Zoom. Une start-up suisse basée aux Etats-Unis a inventé une méthode pour tromper nos papilles en créant l’illusion d’un goût salé ou sucré. Les géants de l’alimentaire se pressent au portillon.

Les paquets de nouilles Maggi, de crackers en forme de poisson rouge et de biscuits salés qui traînent un peu partout tranchent avec l’assemblage de pipettes et de machines en inox du laboratoire. Il y a aussi une machine à pain, un appareil à popcorn et un micro-ondes.

Cet espace de recherche situé dans une banlieue industrielle du New Jersey, à deux pas de New York, a pour but de développer des superaliments qui donnent l’illusion de contenir du sel et du sucre alors qu’ils n’en ont presque pas.

«Nous venons de tester une barre protéinée à base d’épinards, commente une laborantine. Trop amer.» A travers l’embrasure de la porte, on aperçoit un groupe de goûteurs anonymes, sélectionnés pour leurs papilles ultrasensibles. Assis autour d’une table, ils avalent de la poudre au goût de poulet délivrée dans de petits godets en plastique et prennent des notes.

«Nous travaillons actuellement avec Nestlé pour créer des aliments qui contiennent moins de sel, raconte Christian Kopfli, fondateur de cette entreprise appelée Chromocell. Les premiers produits devraient arriver sur le marché d’ici à la fin de l’année.»

Débarqué à New York en 1997 pour y effectuer des études de droit, ce grand brun au rire tonitruant n’a jamais plus quitté les Etats-Unis, si l’on excepte deux courts séjours à Francfort et à Tokyo. En 2002, il a décidé de lancer Chromocell avec un scientifique d’origine perse, Kambiz Shekdar.

Celui-ci avait développé une méthode originale, surnommée Chromovert, pour recréer en laboratoire des lignées de cellules qui simulent ce qui se passe dans notre corps. «Normalement, lorsqu’on génère des cellules in vitro, très peu sont utilisables, détaille Kambiz Shekdar.

Le défi est de repérer et d’isoler celles qui sont les plus proches de la réalité. Notre méthode permet de le faire au moyen d’un marqueur génétique fluorescent.» Chromocell s’en est servi pour fabriquer des cellules qui reproduisent parfaitement les récepteurs de goût que nous avons dans la bouche.

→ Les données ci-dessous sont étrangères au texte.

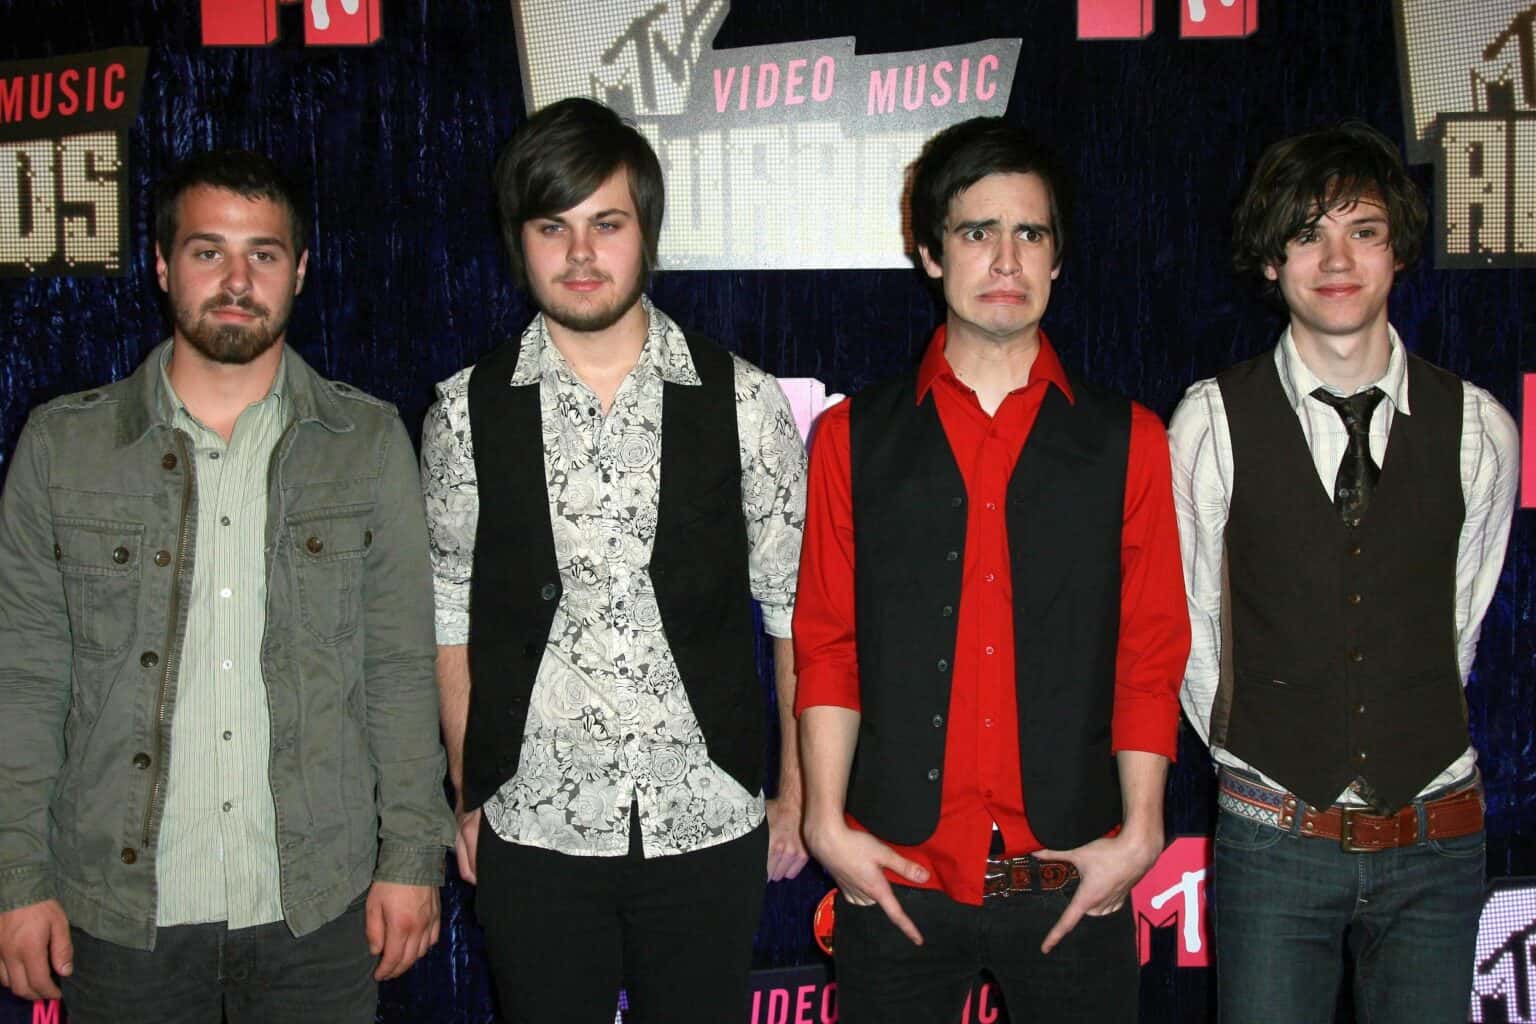 Why Did Panic! at the Disco Break Up?

Ces papilles artificielles sont ensuite utilisées pour tester des milliers de composants, issus pour la plupart de plantes. Il s’agit de découvrir de nouveaux ingrédients capables de stimuler ou de bloquer les récepteurs de goût salé, sucré, amer ou acide. Ces molécules peuvent alors être ajoutées à des aliments pour annuler certains goûts ou en amplifier d’autres.

Kraft, Coca-Cola…

«Cela a attiré l’attention de plusieurs groupes alimentaires, qui voulaient réduire la teneur en sel et en sucre de leurs aliments pour adhérer aux directives adoptées par plusieurs pays occidentaux, dont les Etats-Unis, et répondre à l’intérêt grandissant des consommateurs pour des produits sains», dit le Zurichois de 49 ans.

L’américain Kraft a été le premier à contacter Chromocell. «Ils avaient remplacé le sodium, dans certains de leurs plats précuisinés, par du potassium, relève-t-il. Mais ce dernier laisse un arrière-goût amer et métallique à environ 20% de la population.

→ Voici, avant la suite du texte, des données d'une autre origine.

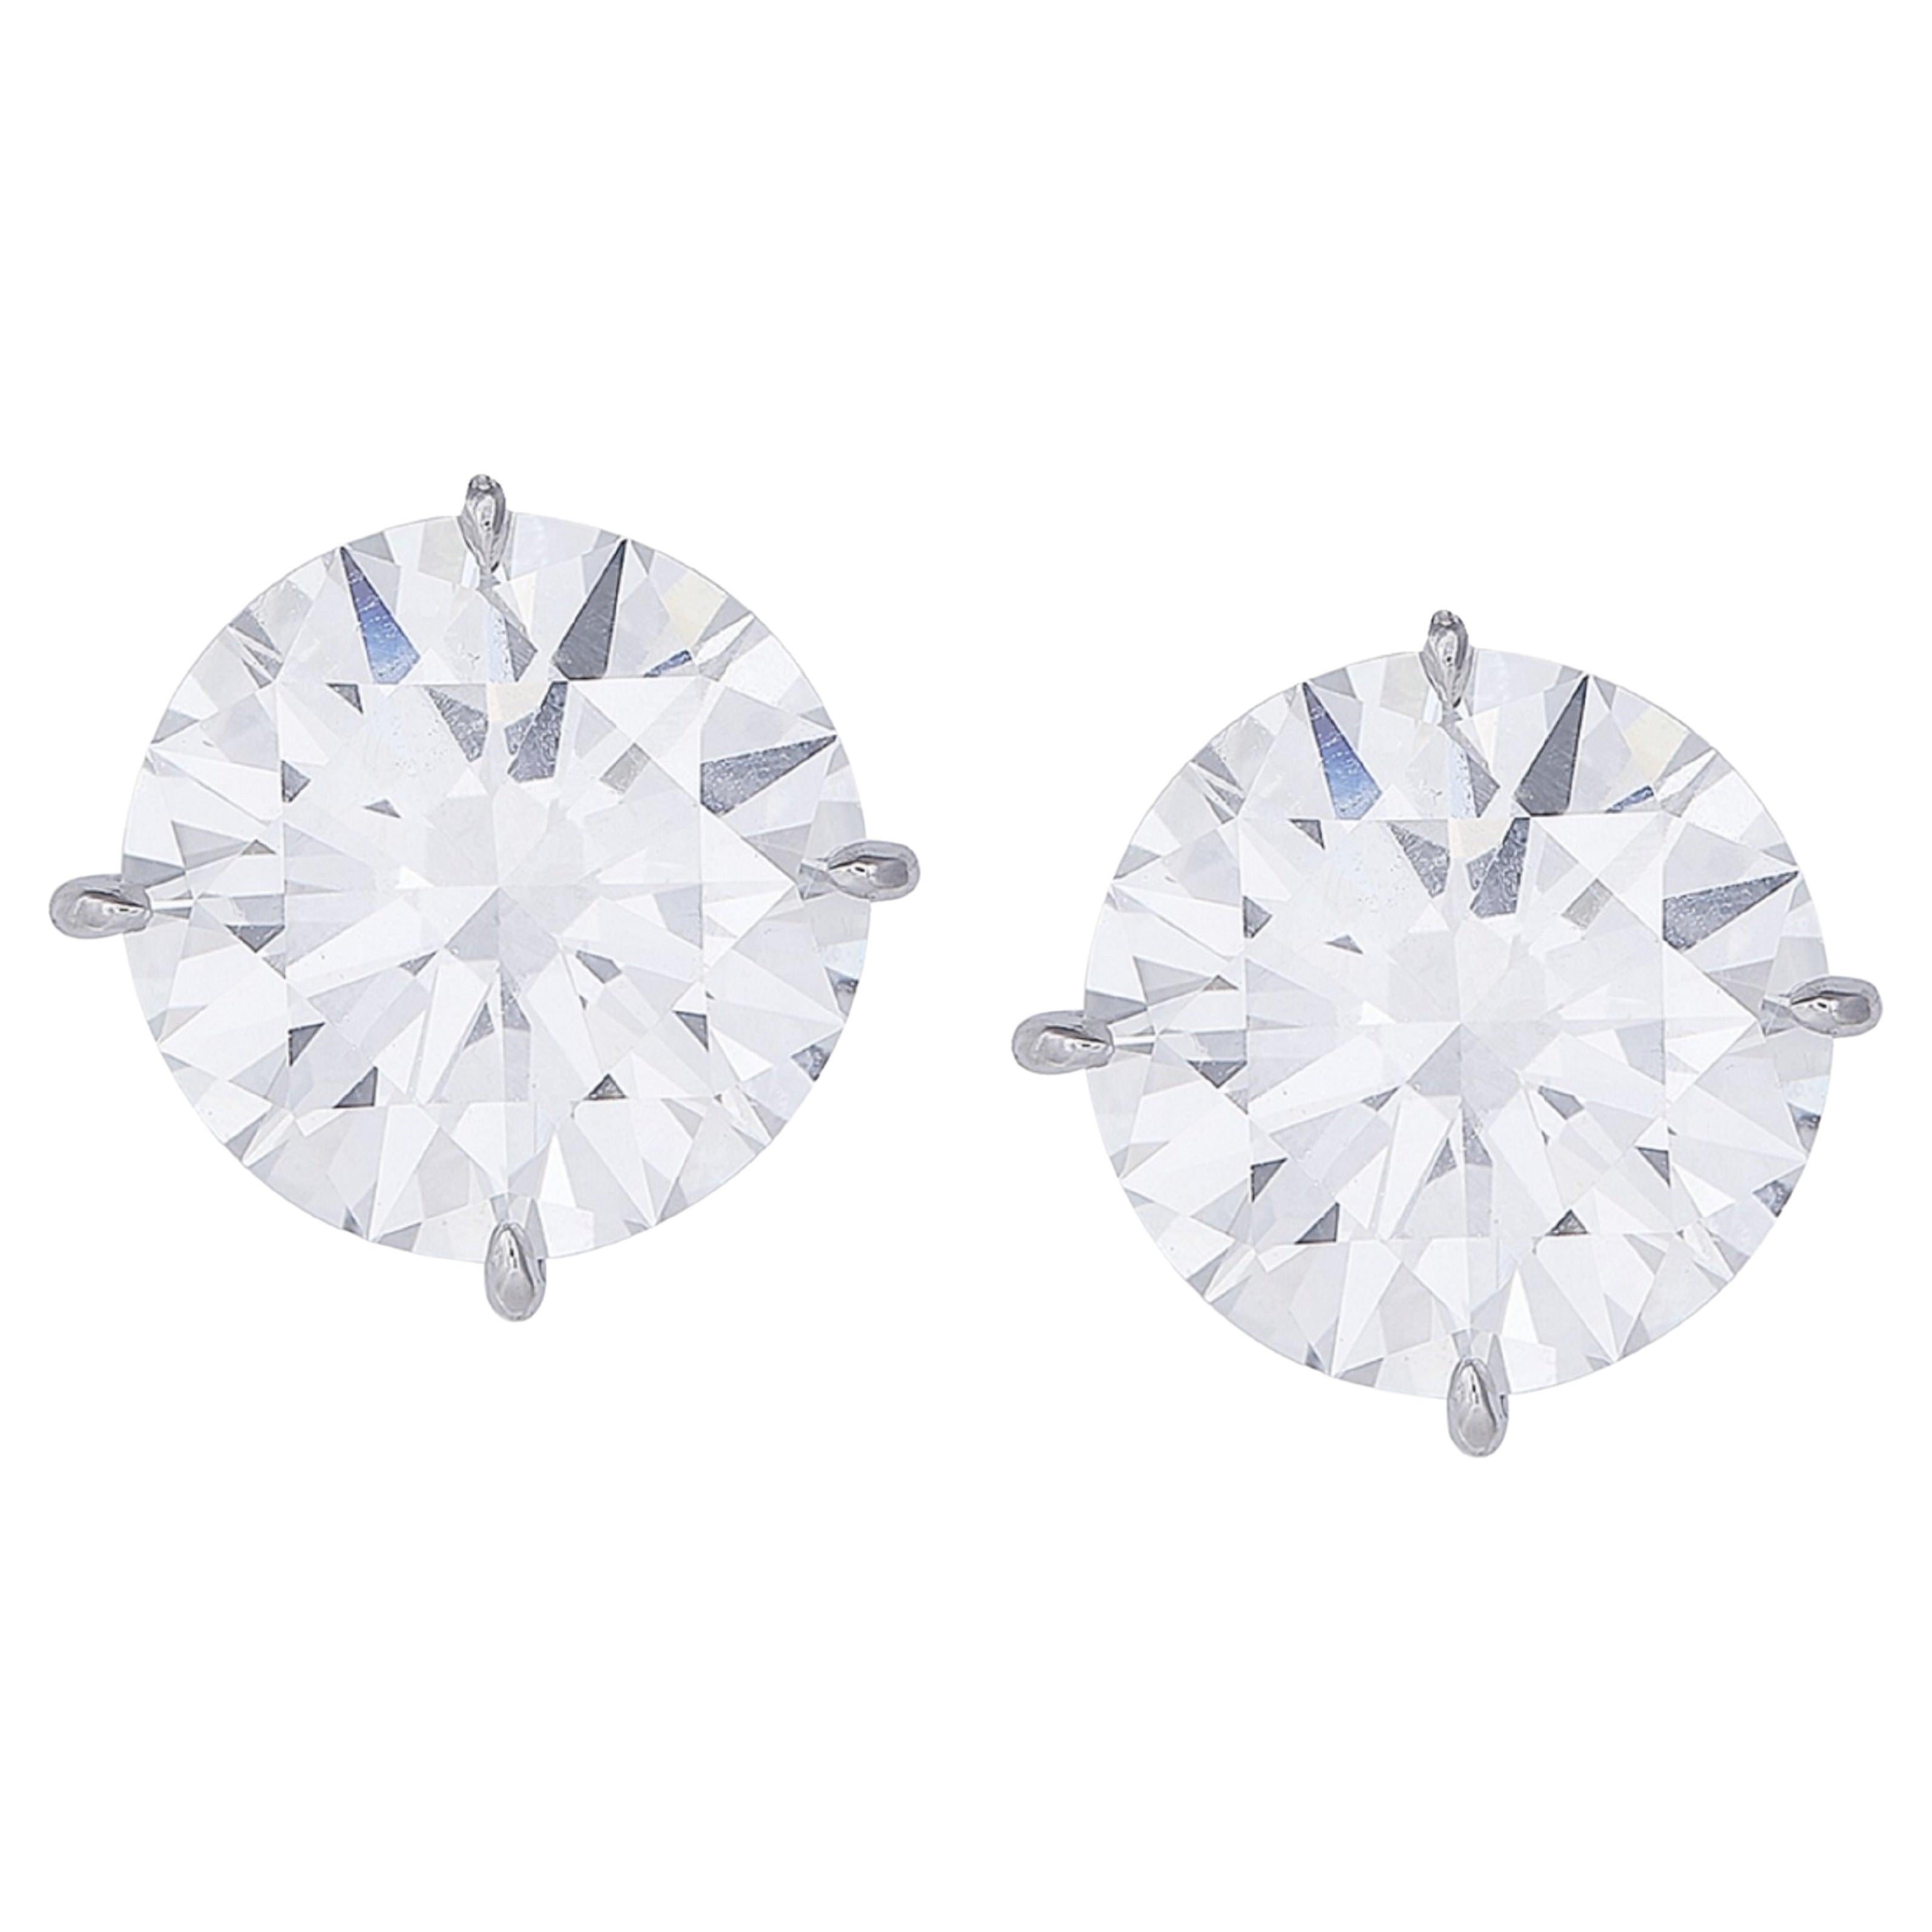 GIA Certified 3.52 Carat Round Brilliant Cut Diamond Studs For Sale at ...

Nous avons donc utilisé nos lignées de récepteurs de goût pour tester des composants capables de bloquer cette saveur désagréable.» Les plus efficaces ont été ajoutés aux recettes de Kraft et sont en phase de test.

En 2010, Coca-Cola a sollicité la start-up pour jouer un tour à nos papilles. La société d’Atlanta cherchait un composant qui amplifie la sensation de sucré transmise au cerveau par les récepteurs de goût.
«Le consommateur a ainsi l’impression que le soda qu’il boit a le même goût qu’une boisson normale, alors qu’il contient une teneur réduite en sucre», indique l’entrepreneur, qui se trouve à la tête d’une centaine d’employés. Un Coca light sans saccharine, en somme. Il devrait bientôt être mis sur le marché.

A partir de 2012, Chromocell s’est associée à Nestlé pour travailler sur des aliments – soupes, plats surgelés, nouilles – avec moins de sel. Ici aussi, le but était d’identifier des composants capables d’augmenter la sensation de salé pour les intégrer aux plats du groupe veveysan. Celui-ci a investi 15 millions de dollars dans cette collaboration.

La firme ne compte pas s’arrêter là. A moyen terme, elle aimerait utiliser sa méthode pour découvrir des composants capables de stimuler la production d’insuline, de faire baisser le niveau de cholestérol ou de bloquer la douleur.